Saturday, June 19, 2010

The Metrics of Meekness

I know that a lot of people are getting their panties in a twist over Afghanistan, but their barely controlled panic is ridiculous.

This information will surely lead many to raise the pitch of their voice and insist that we think about heading for the exits:

A U.N. report released Saturday painted a grim picture of the security situation in Afghanistan, saying roadside bombings and assassinations have soared the first four months of the year amid ramped up military operations in the Taliban-dominated south.

The United Nations' findings appeared at odds with Pentagon assertions this week claiming slow-but-steady progress in Afghanistan — an assessment challenged by U.S. lawmakers during hearings on Capitol Hill.

This is akin to noting you've gained 5 pounds and concluding that you are taller.

You need to use the right measurement, and the level of violence is not a measure of whether we are winning a war. Consider the level of violence in France on June 5, 1944 and on June 6, 1944. Would you really insist that the dramatic spike in violence in France starting on June 6, 1944 meant that we were losing the war against the Nazis?
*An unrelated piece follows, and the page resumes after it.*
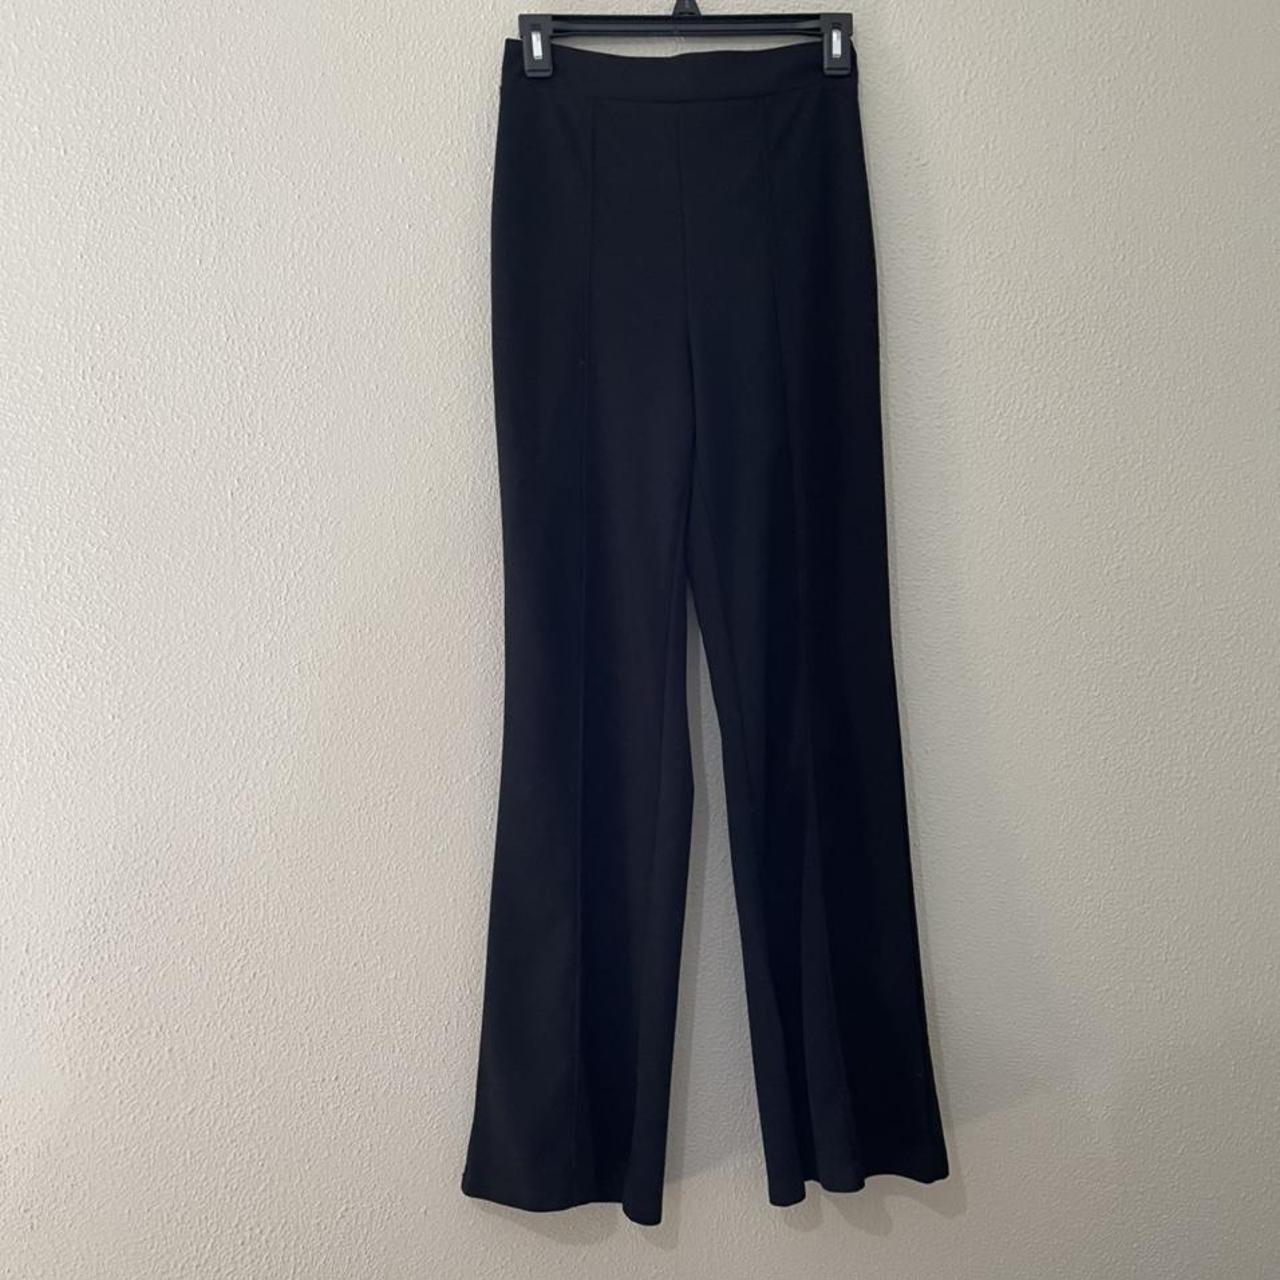 SHEIN Women's Black Trousers (2)

Of course not, it would be stupid.
 
Likewise, the issue of winning and losing is separate from both the questions of what the level of violence is and whether the Taliban is stronger ("resurgent") or weaker over time.

The ultimate objective is to win and winning will dramatically lower the level of violence, of course. But that metric is a result of victory and not a metric of determining whether we are on the way to victory, or not.

Too many people here, like they were in regard to the Iraq War, are so eager to run away that they will seize on numbers they don't truly understand to justify retreat from Afghanistan.

Gosh, remember the days when Afghanistan was the "good war" we had to win?